Copy the data below exactly, omitting any picture it contains.

[GIVEN INFORMATION]:
_ _ _ _ _

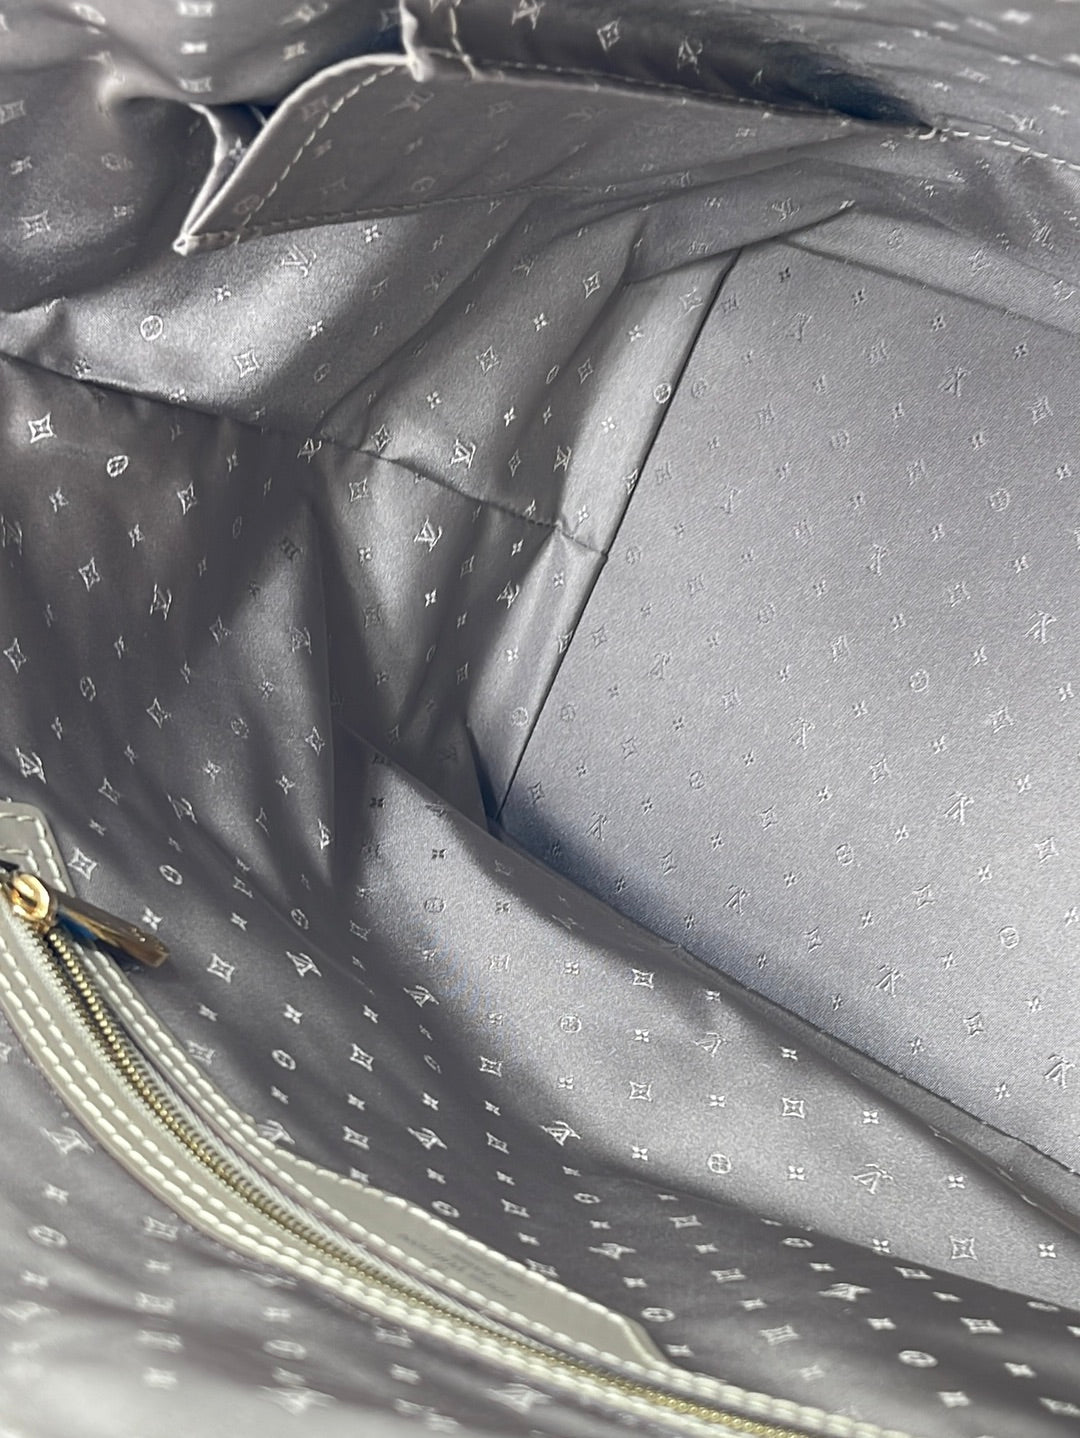 Preloved Louis Vuitton Beige Suhali Lockit MM Shoulder Bag DU1067 060523 $500 OFF
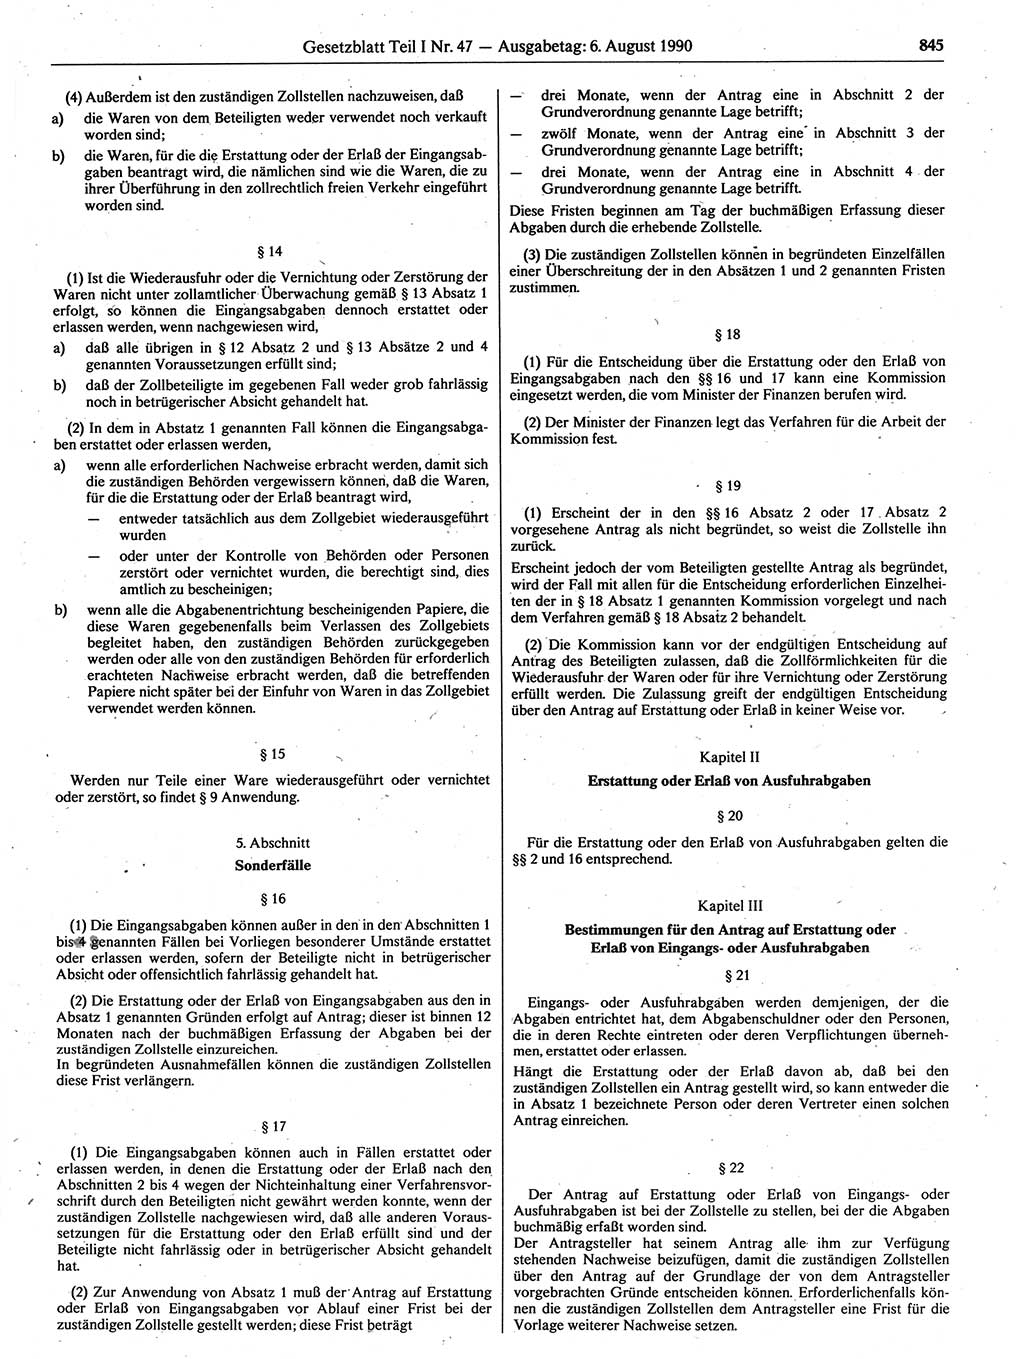 Gesetzblatt (GBl.) der Deutschen Demokratischen Republik (DDR) Teil Ⅰ 1990, Seite 845 (GBl. DDR Ⅰ 1990, S. 845)
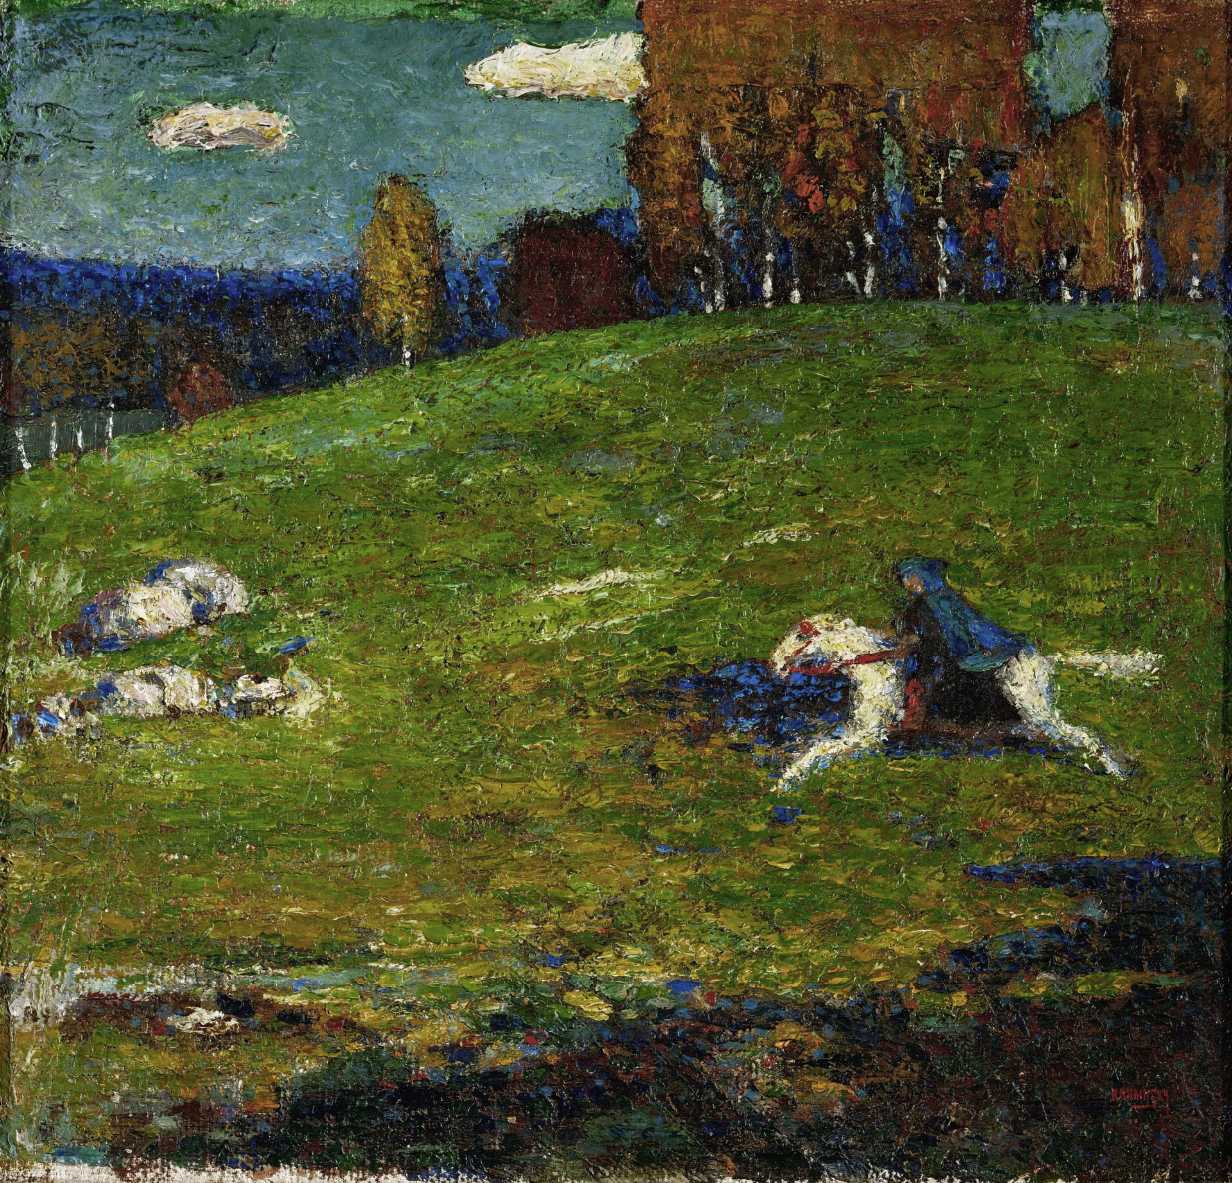 Wassily Kandinsky, 1903, The Blue Rider (Der Blaue Reiter)

_ _ _ _ _

[RESULT BELOW]:
 Preloved Louis Vuitton Beige Suhali Lockit MM Shoulder Bag DU1067 060523 $500 OFF
 Gesetzblatt (GBl.) der Deutschen Demokratischen Republik (DDR) Teil Ⅰ 1990, Seite 845 (GBl. DDR Ⅰ 1990, S. 845)
 Wassily Kandinsky, 1903, The Blue Rider (Der Blaue Reiter)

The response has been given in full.